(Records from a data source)
-------

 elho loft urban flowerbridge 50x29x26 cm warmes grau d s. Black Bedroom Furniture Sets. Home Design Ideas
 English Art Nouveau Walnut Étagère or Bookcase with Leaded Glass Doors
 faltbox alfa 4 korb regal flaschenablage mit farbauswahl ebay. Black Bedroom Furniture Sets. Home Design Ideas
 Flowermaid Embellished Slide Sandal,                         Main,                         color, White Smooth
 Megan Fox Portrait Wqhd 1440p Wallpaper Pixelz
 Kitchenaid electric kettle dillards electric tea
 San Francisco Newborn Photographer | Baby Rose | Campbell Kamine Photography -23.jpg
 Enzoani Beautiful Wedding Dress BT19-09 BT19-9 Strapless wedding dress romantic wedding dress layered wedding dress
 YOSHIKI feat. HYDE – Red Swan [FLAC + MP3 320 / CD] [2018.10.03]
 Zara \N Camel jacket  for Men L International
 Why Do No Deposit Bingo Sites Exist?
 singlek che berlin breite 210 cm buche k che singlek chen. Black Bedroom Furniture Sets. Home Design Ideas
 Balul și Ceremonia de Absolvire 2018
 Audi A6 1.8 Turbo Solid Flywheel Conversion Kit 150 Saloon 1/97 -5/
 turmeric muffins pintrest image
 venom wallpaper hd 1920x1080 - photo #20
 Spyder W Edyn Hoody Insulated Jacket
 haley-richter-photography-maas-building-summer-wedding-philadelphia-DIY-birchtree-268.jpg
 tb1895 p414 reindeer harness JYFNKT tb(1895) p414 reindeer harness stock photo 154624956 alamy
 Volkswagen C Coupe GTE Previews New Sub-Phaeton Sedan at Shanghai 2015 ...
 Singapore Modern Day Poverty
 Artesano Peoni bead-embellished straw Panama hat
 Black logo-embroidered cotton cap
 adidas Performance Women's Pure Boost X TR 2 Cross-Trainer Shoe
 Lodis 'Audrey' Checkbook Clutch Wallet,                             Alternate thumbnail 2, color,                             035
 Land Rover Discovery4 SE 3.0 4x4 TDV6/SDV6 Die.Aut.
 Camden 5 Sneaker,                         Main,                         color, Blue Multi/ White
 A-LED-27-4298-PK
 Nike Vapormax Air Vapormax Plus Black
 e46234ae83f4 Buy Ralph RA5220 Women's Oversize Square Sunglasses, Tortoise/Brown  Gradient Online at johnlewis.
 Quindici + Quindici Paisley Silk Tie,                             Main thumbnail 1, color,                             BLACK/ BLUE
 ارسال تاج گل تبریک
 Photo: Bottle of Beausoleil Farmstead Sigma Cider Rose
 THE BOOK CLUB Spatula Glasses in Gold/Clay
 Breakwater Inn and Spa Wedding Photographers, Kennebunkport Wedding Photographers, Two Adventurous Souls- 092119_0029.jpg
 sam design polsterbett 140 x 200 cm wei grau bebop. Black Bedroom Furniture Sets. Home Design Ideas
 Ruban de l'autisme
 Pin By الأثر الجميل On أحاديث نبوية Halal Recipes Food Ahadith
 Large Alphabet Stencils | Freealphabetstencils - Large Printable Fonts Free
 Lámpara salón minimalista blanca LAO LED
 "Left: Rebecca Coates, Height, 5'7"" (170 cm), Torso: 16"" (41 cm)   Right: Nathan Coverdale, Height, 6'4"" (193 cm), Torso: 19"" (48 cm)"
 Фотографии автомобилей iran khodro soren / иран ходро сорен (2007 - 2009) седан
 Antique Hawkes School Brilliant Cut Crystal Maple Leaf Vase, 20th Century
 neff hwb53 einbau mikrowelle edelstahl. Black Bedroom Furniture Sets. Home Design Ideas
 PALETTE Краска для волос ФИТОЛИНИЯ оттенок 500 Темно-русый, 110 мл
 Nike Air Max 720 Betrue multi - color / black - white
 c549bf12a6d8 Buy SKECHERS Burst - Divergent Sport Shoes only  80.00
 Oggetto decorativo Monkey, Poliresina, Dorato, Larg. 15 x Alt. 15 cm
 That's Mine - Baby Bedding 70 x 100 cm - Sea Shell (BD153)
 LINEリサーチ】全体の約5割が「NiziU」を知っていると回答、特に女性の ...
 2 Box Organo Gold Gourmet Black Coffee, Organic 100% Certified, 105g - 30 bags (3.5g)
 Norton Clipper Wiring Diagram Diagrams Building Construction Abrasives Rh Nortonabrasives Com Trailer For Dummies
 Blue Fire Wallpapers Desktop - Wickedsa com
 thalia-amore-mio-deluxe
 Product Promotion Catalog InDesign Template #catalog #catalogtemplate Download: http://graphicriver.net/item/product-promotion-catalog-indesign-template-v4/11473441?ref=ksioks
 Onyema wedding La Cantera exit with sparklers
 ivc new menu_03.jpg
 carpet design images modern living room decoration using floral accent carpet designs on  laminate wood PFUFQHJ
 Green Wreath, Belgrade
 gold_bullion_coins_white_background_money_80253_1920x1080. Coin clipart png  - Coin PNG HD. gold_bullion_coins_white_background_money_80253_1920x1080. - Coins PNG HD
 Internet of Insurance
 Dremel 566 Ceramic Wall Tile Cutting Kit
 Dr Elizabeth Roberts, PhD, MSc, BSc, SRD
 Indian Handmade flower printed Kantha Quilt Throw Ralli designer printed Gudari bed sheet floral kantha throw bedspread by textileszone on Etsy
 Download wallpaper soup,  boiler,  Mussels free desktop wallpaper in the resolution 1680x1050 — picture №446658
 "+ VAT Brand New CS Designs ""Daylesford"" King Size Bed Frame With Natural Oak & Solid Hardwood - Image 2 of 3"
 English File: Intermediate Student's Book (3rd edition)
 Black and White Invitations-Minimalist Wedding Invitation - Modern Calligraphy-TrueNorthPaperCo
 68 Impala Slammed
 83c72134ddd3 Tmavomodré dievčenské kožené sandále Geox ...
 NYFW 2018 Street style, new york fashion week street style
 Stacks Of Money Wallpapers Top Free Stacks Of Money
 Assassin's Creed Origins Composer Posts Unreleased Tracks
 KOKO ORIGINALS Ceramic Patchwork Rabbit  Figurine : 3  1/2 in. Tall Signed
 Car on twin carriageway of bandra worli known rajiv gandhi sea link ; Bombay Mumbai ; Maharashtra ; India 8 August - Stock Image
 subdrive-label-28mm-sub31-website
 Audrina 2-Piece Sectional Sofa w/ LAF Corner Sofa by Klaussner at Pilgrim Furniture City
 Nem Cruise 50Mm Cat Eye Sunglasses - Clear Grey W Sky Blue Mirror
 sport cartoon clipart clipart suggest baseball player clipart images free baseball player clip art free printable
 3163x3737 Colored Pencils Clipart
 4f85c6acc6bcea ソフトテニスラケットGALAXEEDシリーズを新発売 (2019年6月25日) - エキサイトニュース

-------

WHAT TO DO →
Repeat every entry exactly. Nothing may be dropped.

EXERCISE SOLUTION →
 elho loft urban flowerbridge 50x29x26 cm warmes grau d s. Black Bedroom Furniture Sets. Home Design Ideas
 English Art Nouveau Walnut Étagère or Bookcase with Leaded Glass Doors
 faltbox alfa 4 korb regal flaschenablage mit farbauswahl ebay. Black Bedroom Furniture Sets. Home Design Ideas
 Flowermaid Embellished Slide Sandal,                         Main,                         color, White Smooth
 Megan Fox Portrait Wqhd 1440p Wallpaper Pixelz
 Kitchenaid electric kettle dillards electric tea
 San Francisco Newborn Photographer | Baby Rose | Campbell Kamine Photography -23.jpg
 Enzoani Beautiful Wedding Dress BT19-09 BT19-9 Strapless wedding dress romantic wedding dress layered wedding dress
 YOSHIKI feat. HYDE – Red Swan [FLAC + MP3 320 / CD] [2018.10.03]
 Zara \N Camel jacket  for Men L International
 Why Do No Deposit Bingo Sites Exist?
 singlek che berlin breite 210 cm buche k che singlek chen. Black Bedroom Furniture Sets. Home Design Ideas
 Balul și Ceremonia de Absolvire 2018
 Audi A6 1.8 Turbo Solid Flywheel Conversion Kit 150 Saloon 1/97 -5/
 turmeric muffins pintrest image
 venom wallpaper hd 1920x1080 - photo #20
 Spyder W Edyn Hoody Insulated Jacket
 haley-richter-photography-maas-building-summer-wedding-philadelphia-DIY-birchtree-268.jpg
 tb1895 p414 reindeer harness JYFNKT tb(1895) p414 reindeer harness stock photo 154624956 alamy
 Volkswagen C Coupe GTE Previews New Sub-Phaeton Sedan at Shanghai 2015 ...
 Singapore Modern Day Poverty
 Artesano Peoni bead-embellished straw Panama hat
 Black logo-embroidered cotton cap
 adidas Performance Women's Pure Boost X TR 2 Cross-Trainer Shoe
 Lodis 'Audrey' Checkbook Clutch Wallet,                             Alternate thumbnail 2, color,                             035
 Land Rover Discovery4 SE 3.0 4x4 TDV6/SDV6 Die.Aut.
 Camden 5 Sneaker,                         Main,                         color, Blue Multi/ White
 A-LED-27-4298-PK
 Nike Vapormax Air Vapormax Plus Black
 e46234ae83f4 Buy Ralph RA5220 Women's Oversize Square Sunglasses, Tortoise/Brown  Gradient Online at johnlewis.
 Quindici + Quindici Paisley Silk Tie,                             Main thumbnail 1, color,                             BLACK/ BLUE
 ارسال تاج گل تبریک
 Photo: Bottle of Beausoleil Farmstead Sigma Cider Rose
 THE BOOK CLUB Spatula Glasses in Gold/Clay
 Breakwater Inn and Spa Wedding Photographers, Kennebunkport Wedding Photographers, Two Adventurous Souls- 092119_0029.jpg
 sam design polsterbett 140 x 200 cm wei grau bebop. Black Bedroom Furniture Sets. Home Design Ideas
 Ruban de l'autisme
 Pin By الأثر الجميل On أحاديث نبوية Halal Recipes Food Ahadith
 Large Alphabet Stencils | Freealphabetstencils - Large Printable Fonts Free
 Lámpara salón minimalista blanca LAO LED
 "Left: Rebecca Coates, Height, 5'7"" (170 cm), Torso: 16"" (41 cm)   Right: Nathan Coverdale, Height, 6'4"" (193 cm), Torso: 19"" (48 cm)"
 Фотографии автомобилей iran khodro soren / иран ходро сорен (2007 - 2009) седан
 Antique Hawkes School Brilliant Cut Crystal Maple Leaf Vase, 20th Century
 neff hwb53 einbau mikrowelle edelstahl. Black Bedroom Furniture Sets. Home Design Ideas
 PALETTE Краска для волос ФИТОЛИНИЯ оттенок 500 Темно-русый, 110 мл
 Nike Air Max 720 Betrue multi - color / black - white
 c549bf12a6d8 Buy SKECHERS Burst - Divergent Sport Shoes only  80.00
 Oggetto decorativo Monkey, Poliresina, Dorato, Larg. 15 x Alt. 15 cm
 That's Mine - Baby Bedding 70 x 100 cm - Sea Shell (BD153)
 LINEリサーチ】全体の約5割が「NiziU」を知っていると回答、特に女性の ...
 2 Box Organo Gold Gourmet Black Coffee, Organic 100% Certified, 105g - 30 bags (3.5g)
 Norton Clipper Wiring Diagram Diagrams Building Construction Abrasives Rh Nortonabrasives Com Trailer For Dummies
 Blue Fire Wallpapers Desktop - Wickedsa com
 thalia-amore-mio-deluxe
 Product Promotion Catalog InDesign Template #catalog #catalogtemplate Download: http://graphicriver.net/item/product-promotion-catalog-indesign-template-v4/11473441?ref=ksioks
 Onyema wedding La Cantera exit with sparklers
 ivc new menu_03.jpg
 carpet design images modern living room decoration using floral accent carpet designs on  laminate wood PFUFQHJ
 Green Wreath, Belgrade
 gold_bullion_coins_white_background_money_80253_1920x1080. Coin clipart png  - Coin PNG HD. gold_bullion_coins_white_background_money_80253_1920x1080. - Coins PNG HD
 Internet of Insurance
 Dremel 566 Ceramic Wall Tile Cutting Kit
 Dr Elizabeth Roberts, PhD, MSc, BSc, SRD
 Indian Handmade flower printed Kantha Quilt Throw Ralli designer printed Gudari bed sheet floral kantha throw bedspread by textileszone on Etsy
 Download wallpaper soup,  boiler,  Mussels free desktop wallpaper in the resolution 1680x1050 — picture №446658
 "+ VAT Brand New CS Designs ""Daylesford"" King Size Bed Frame With Natural Oak & Solid Hardwood - Image 2 of 3"
 English File: Intermediate Student's Book (3rd edition)
 Black and White Invitations-Minimalist Wedding Invitation - Modern Calligraphy-TrueNorthPaperCo
 68 Impala Slammed
 83c72134ddd3 Tmavomodré dievčenské kožené sandále Geox ...
 NYFW 2018 Street style, new york fashion week street style
 Stacks Of Money Wallpapers Top Free Stacks Of Money
 Assassin's Creed Origins Composer Posts Unreleased Tracks
 KOKO ORIGINALS Ceramic Patchwork Rabbit  Figurine : 3  1/2 in. Tall Signed
 Car on twin carriageway of bandra worli known rajiv gandhi sea link ; Bombay Mumbai ; Maharashtra ; India 8 August - Stock Image
 subdrive-label-28mm-sub31-website
 Audrina 2-Piece Sectional Sofa w/ LAF Corner Sofa by Klaussner at Pilgrim Furniture City
 Nem Cruise 50Mm Cat Eye Sunglasses - Clear Grey W Sky Blue Mirror
 sport cartoon clipart clipart suggest baseball player clipart images free baseball player clip art free printable
 3163x3737 Colored Pencils Clipart
 4f85c6acc6bcea ソフトテニスラケットGALAXEEDシリーズを新発売 (2019年6月25日) - エキサイトニュース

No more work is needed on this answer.